Data model

This is a reference for the data model of the different data we are gathering:

Altough there are no rules on which language or framework to use, I will write in the case of Python and Pandas, in case of somebody working with another language (like R or Java), most of this rules are easy to translate, in case of doubt, please feel free to discuss in #task-geo.

General guidelines

  • Cite the source of your data. ( In the docstring of your data_source file, and on the AUTHORS.rst Data Sources section and, of course, include yourself among the contributors).

  • Units should be in metric system, codes like country codes, should be ISO.

  • Column names should be lowercase (it might be uglier, but it’s easier when coding).

  • Unless strictly necessary, we should try avoid having multiindices.

  • Avoid making totalizations of data, the more granular data, the best, we can always aggregate, but we can’t disaggregate.

  • Avoid unecessary stacking of data:

    Don’t do this:

    date

    measure

    value

    2020-01-01

    A

    1.5

    2020-01-01

    B

    2.0

    2020-01-02

    A

    1.0

    2020-01-02

    B

    0.5

    Do this instead:

    date

    A

    B

    2020-01-01

    1.5

    2.0

    2020-01-02

    1.0

    0.5

    THIS DOESN’T APPLY TO TIME DATA!!!

  • Avoid unnecesary flattening/unstacking of data: (Yes, it may seem contradictory with the last point but it’s not!)

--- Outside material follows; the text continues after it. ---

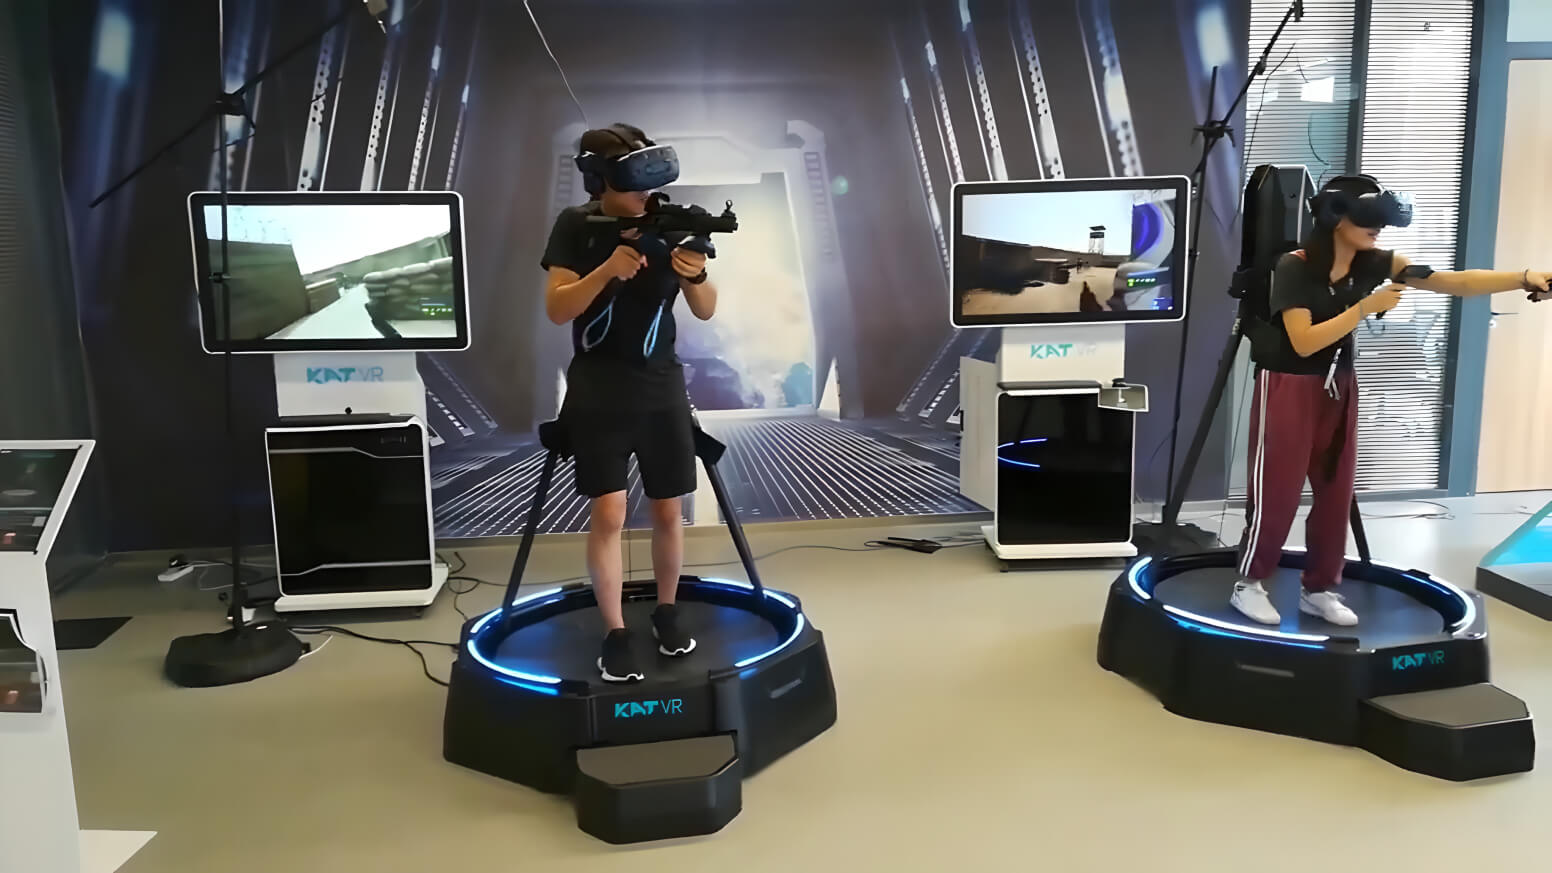 Kat vr. Беговая VR платформа kat walk Mini. Kat VR платформа для виртуальной. Virtuix Omni one VR Treadmill. VR аттракцион Stereolife s1.

    This may come in hand when working with one-hot encoded variables or unstructured or schemaless data using dataframes, for example, for the following JSON:

    [
        {
            'id': 2,
            'feature_A': 0.1,
            'feature_B': 1.4,
            'feature_C': 1.5,
        },
        {
            'id': 1,
            'feature_X': 14.5,
            'feature_Y': 2.0,
            'feature_Z': 41
        }
    ]
    

    Don’t do this:

    id

    feature_A

    feature_B

    feature_C

    feature_X

    feature_Y

    feature_Z

    1

    0.1

    1.4

    1.5

    nan

    nan

    nan

    2

    nan

    nan

    nan

    14.5

    2.0

    41

    Do this instead:

    id

    feature

    value

    1

    A

    0.1

    1

    B

    1.4

    1

    C

    1.5

    2

    X

    14.5

    2

    Y

    2.0

    2

    Z

    41

    It’s hard to define an explicit set of rules, but I’ll say:

    1. Try to avoid adding NaN to your data because of the shaping.

    2. Try to make your date the most compact possible

    3. In case of doubt, please, don’t hesistate to ask on Slack #team-geo!

Geographical data

  • Columns with geographical-related information should be at the beginning of the dataset.

  • Latitude and longitude should be in decimal values, not in degrees.

  • Enrich your location (lat, long) data with the geopolitical information(city, country) when possible. You can use something like https://opencagedata.com/

  • Columns containing ISO codes instead of names, should append _iso at the end of the name.

  • In case political subdivisions are available, each subdivision should be in its own column, those columns should be: country, region, subregion city. If information after some level is not available the column is not required.